* _Supplied material_:
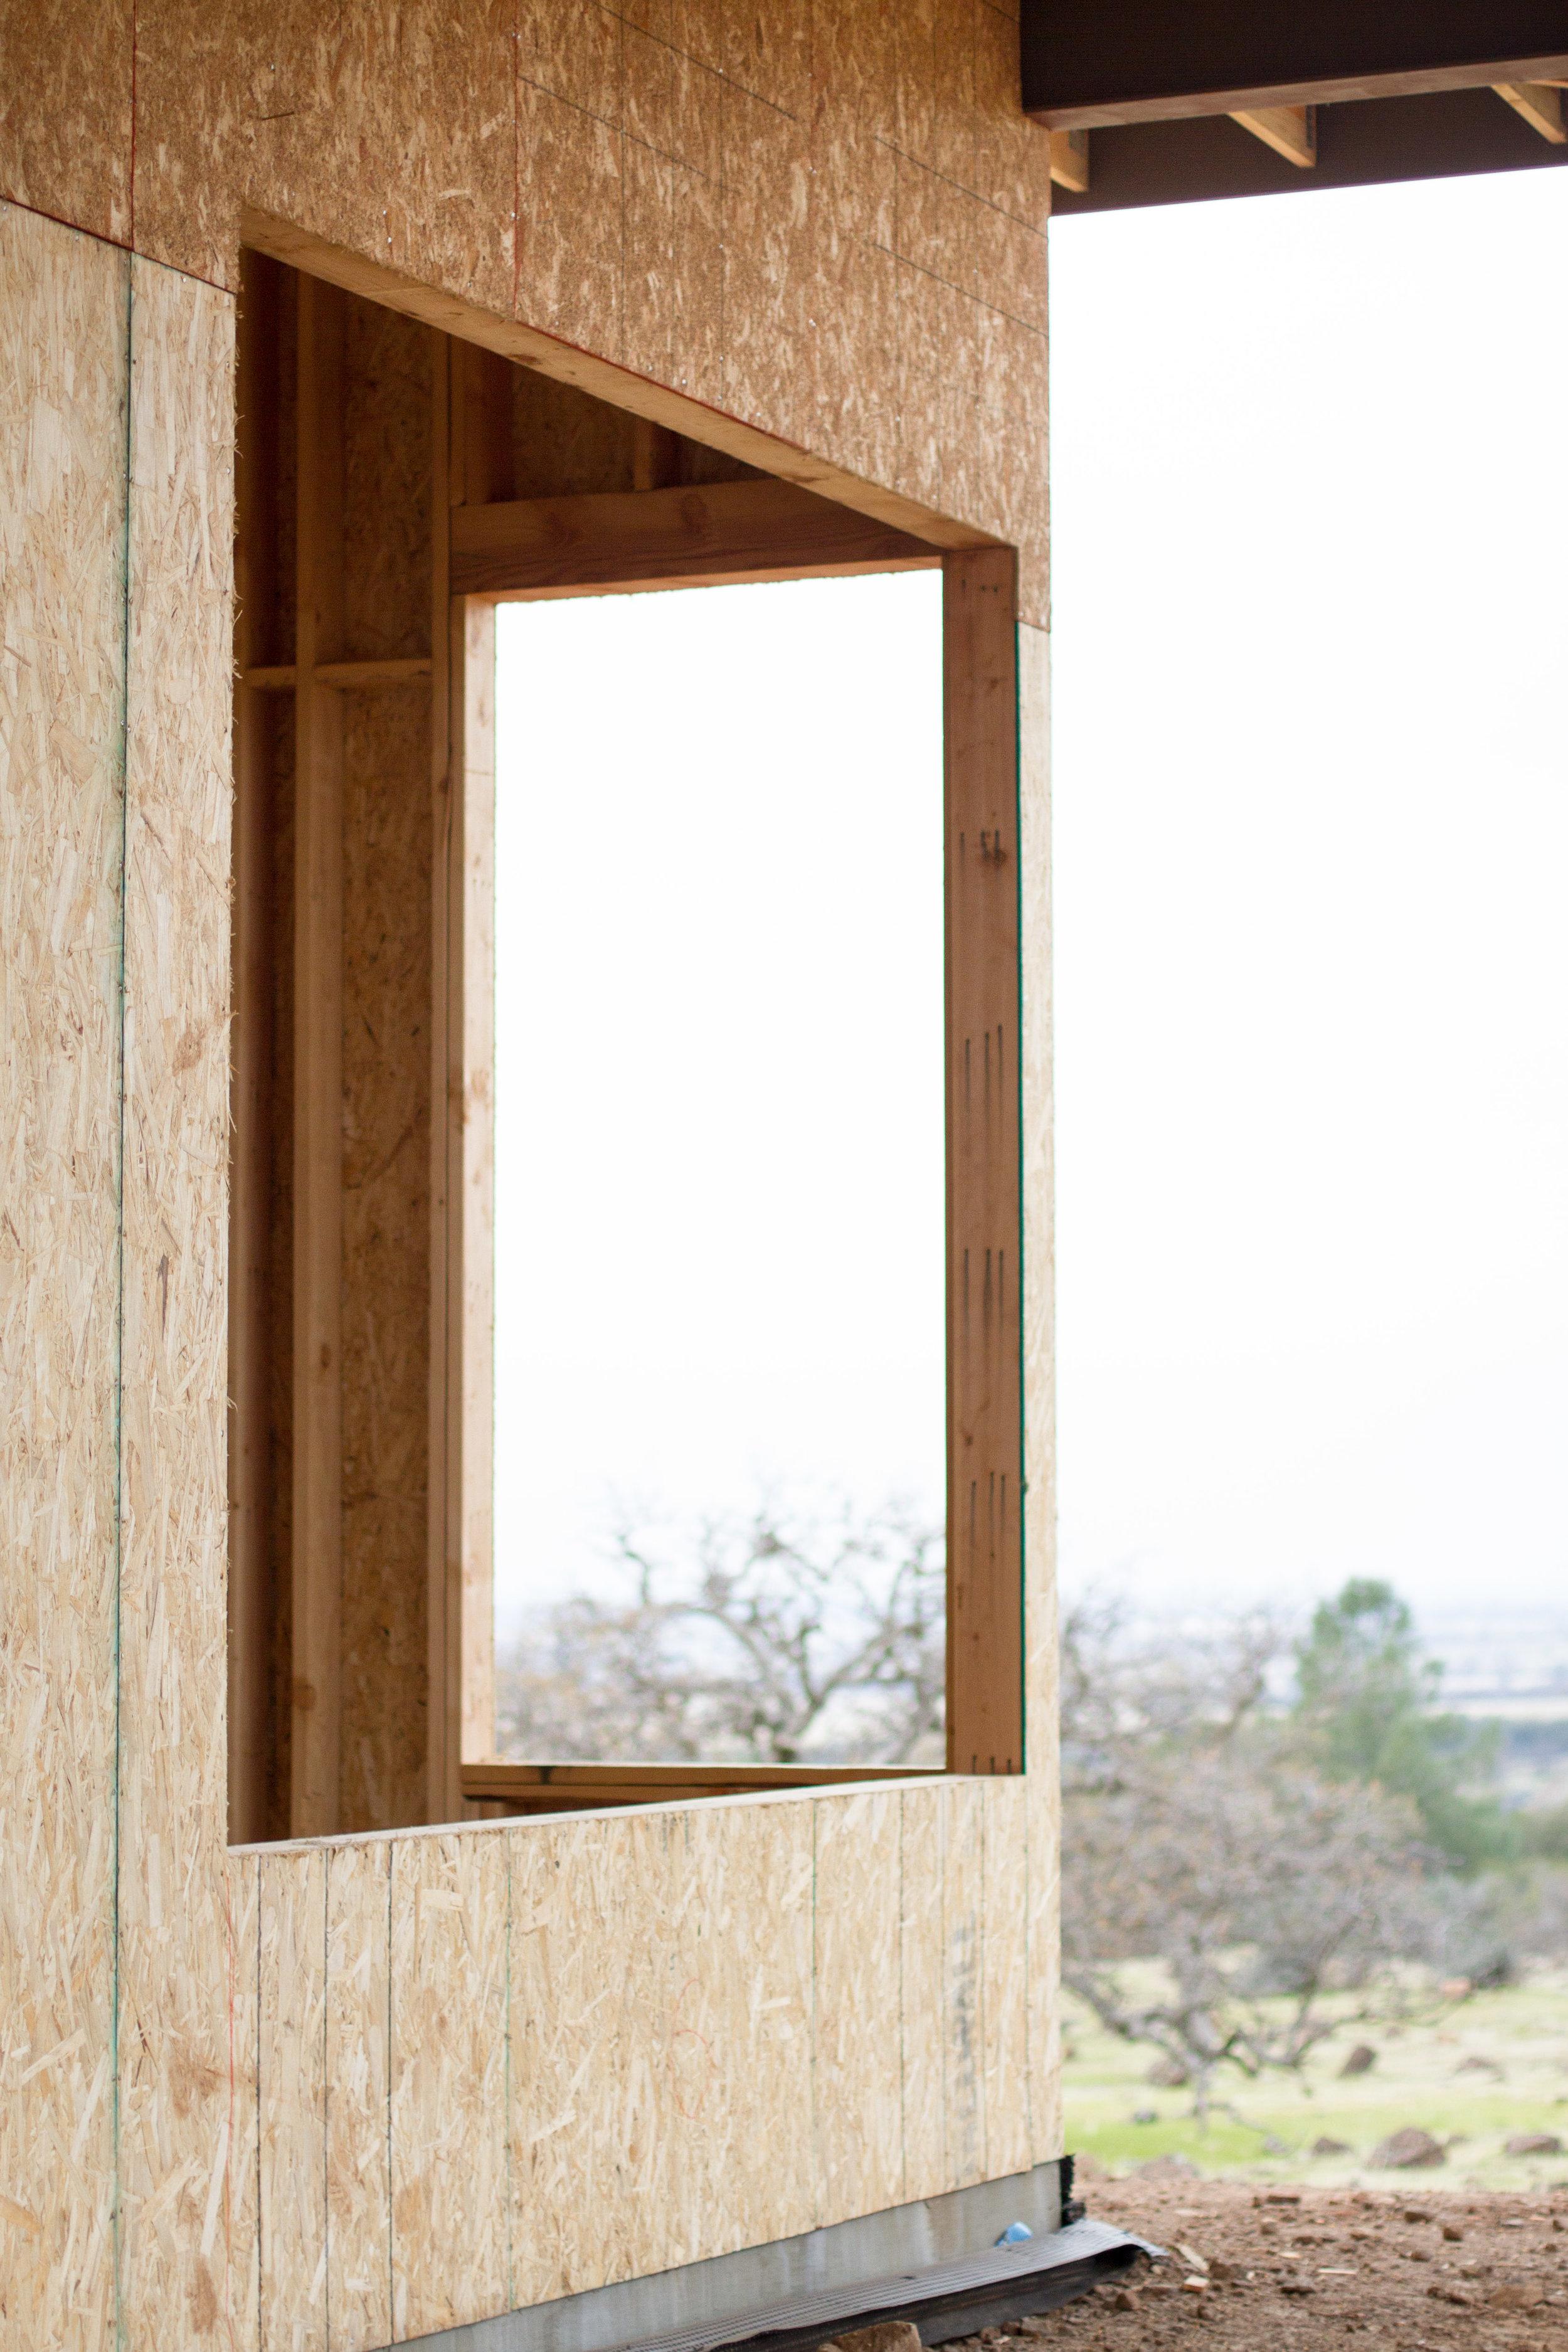 EXTERIOR CORNER WINDOW VIEW
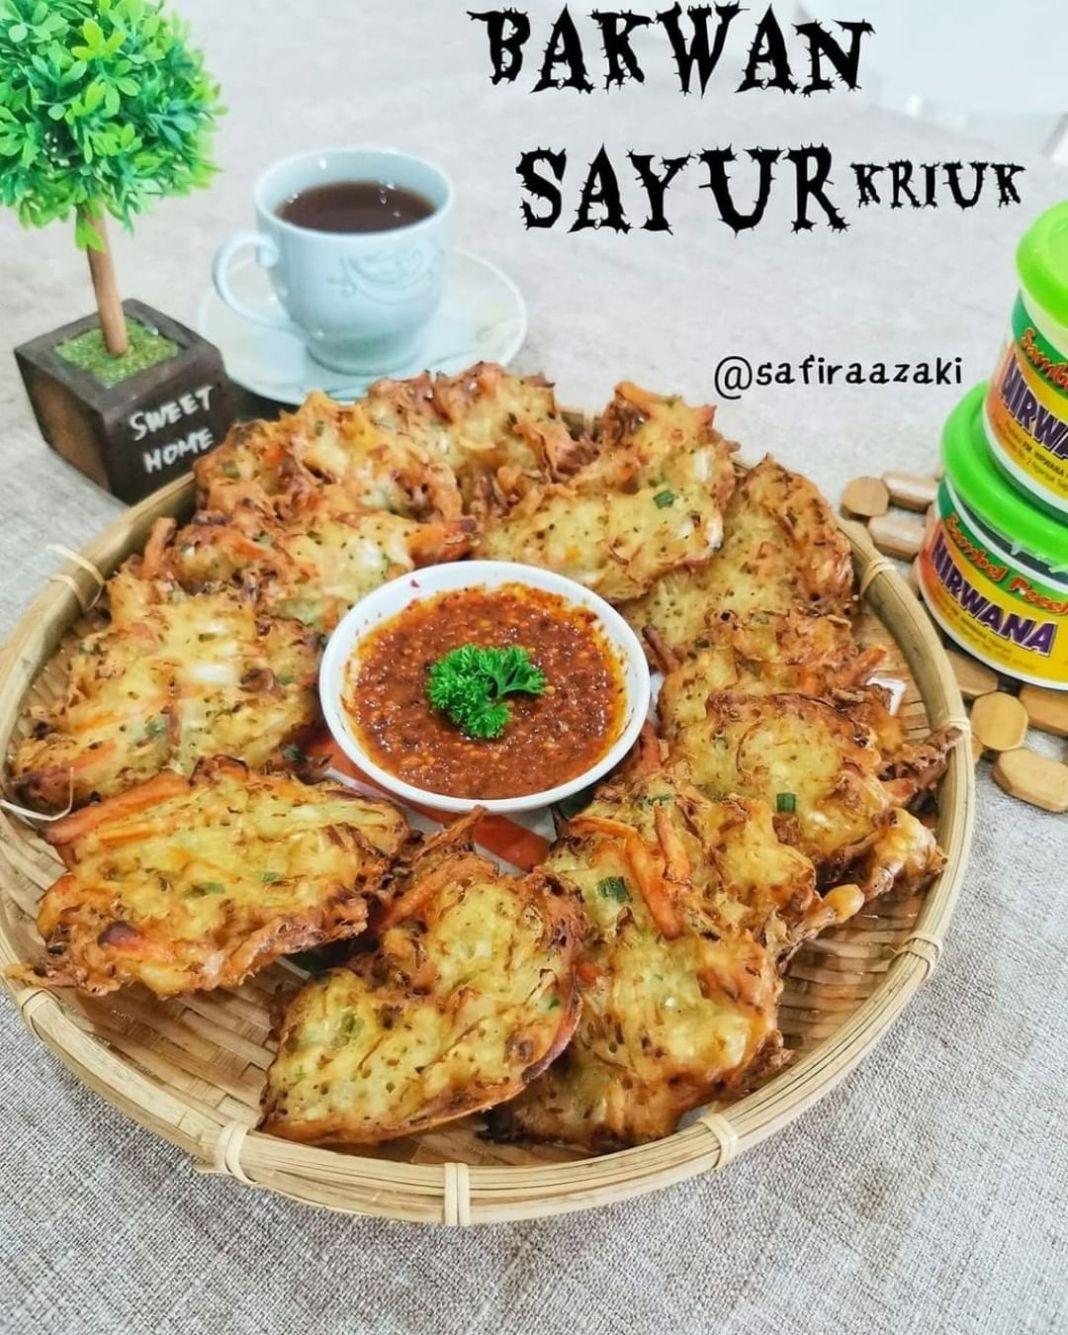 Info kuliner, Bakwan Sayur Kriuk By @safiraazaki  enak bangett.. Wajib coba pasti ketagihan   Bahan2 : 250 gr…
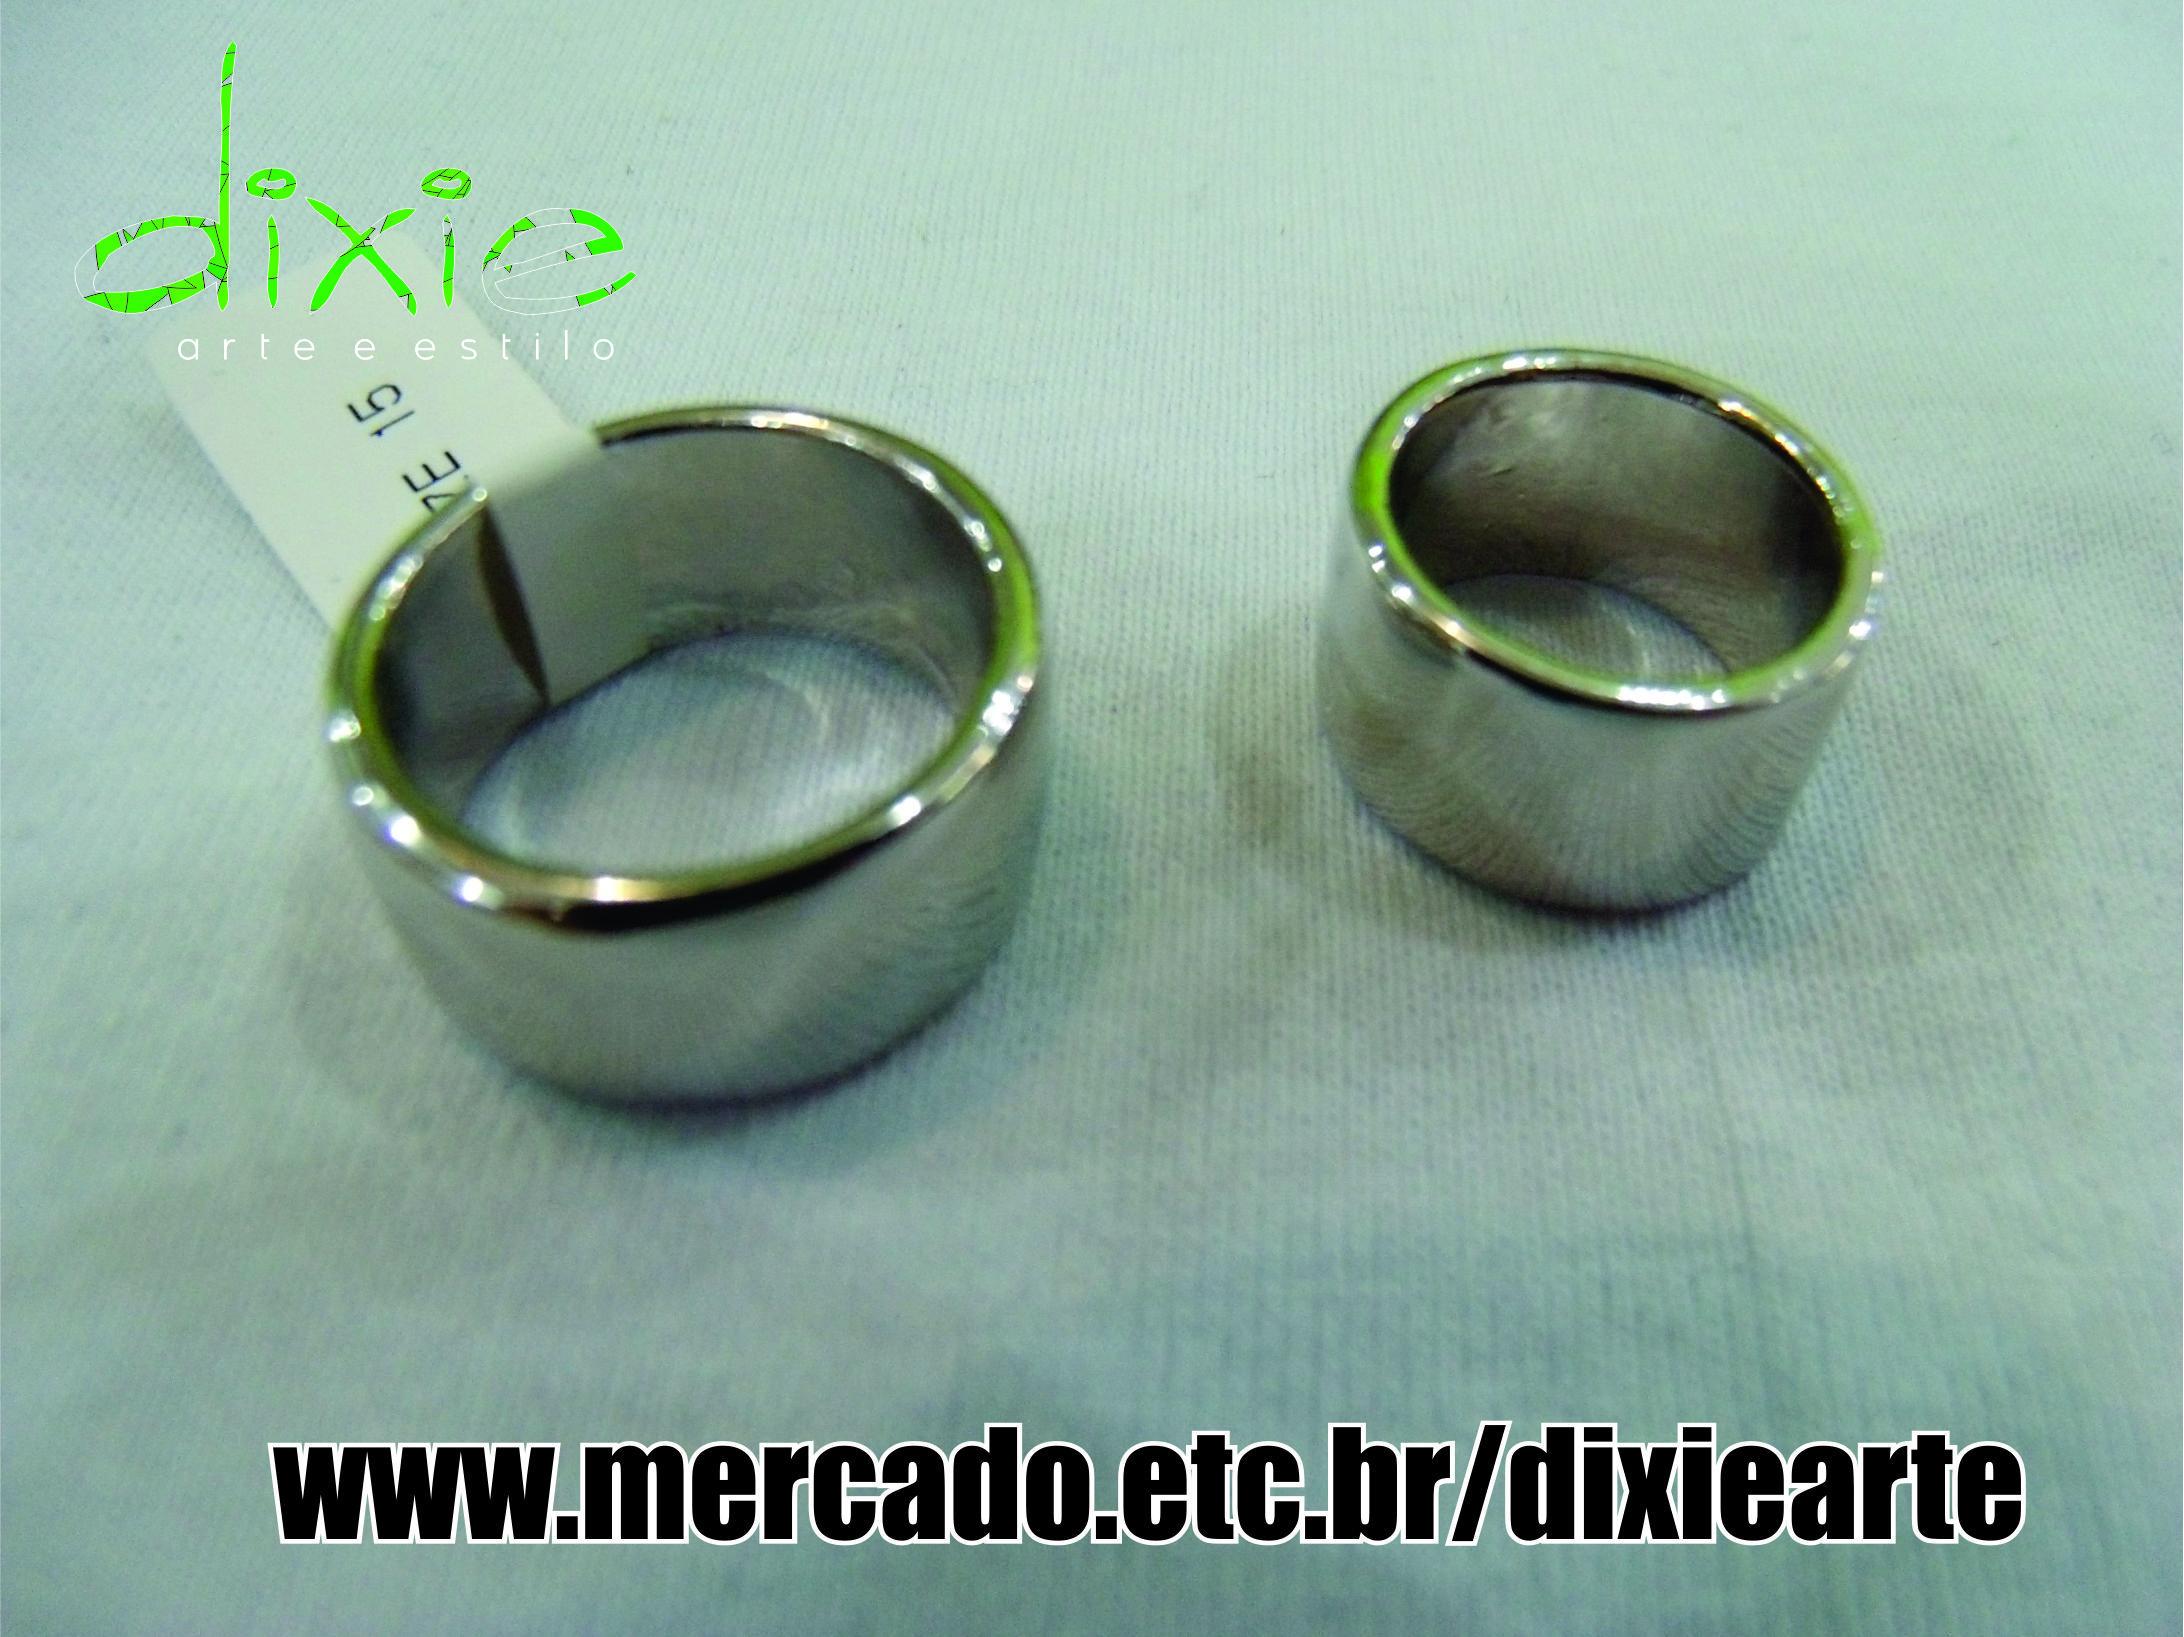 Anel Bandage Prateado  www.mercado.etc.br/dixiearte

* _Activity_: Working from the line that contains "Info kuliner, Bakwan" to the last line of the listing, please quote each line exactly, pictures excluded.

* _Answer to the problem_:
 Info kuliner, Bakwan Sayur Kriuk By @safiraazaki  enak bangett.. Wajib coba pasti ketagihan   Bahan2 : 250 gr…
 Anel Bandage Prateado  www.mercado.etc.br/dixiearte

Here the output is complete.